Work instruction = Among the entries below, one line contains "Journal of Political" and another contains "Türk Metal Senadikası'ndan ortak açıklama". Transcribe those two lines and every line between them, exactly.

Source information =
- Opening Delimiter -

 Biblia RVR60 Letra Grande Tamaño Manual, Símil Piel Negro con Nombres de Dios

- Closing Delimiter -
- Opening Delimiter -

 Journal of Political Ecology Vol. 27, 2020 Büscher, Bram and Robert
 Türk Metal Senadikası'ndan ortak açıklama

- Closing Delimiter -

Answer to this task =
 Journal of Political Ecology Vol. 27, 2020 Büscher, Bram and Robert
 Türk Metal Senadikası'ndan ortak açıklama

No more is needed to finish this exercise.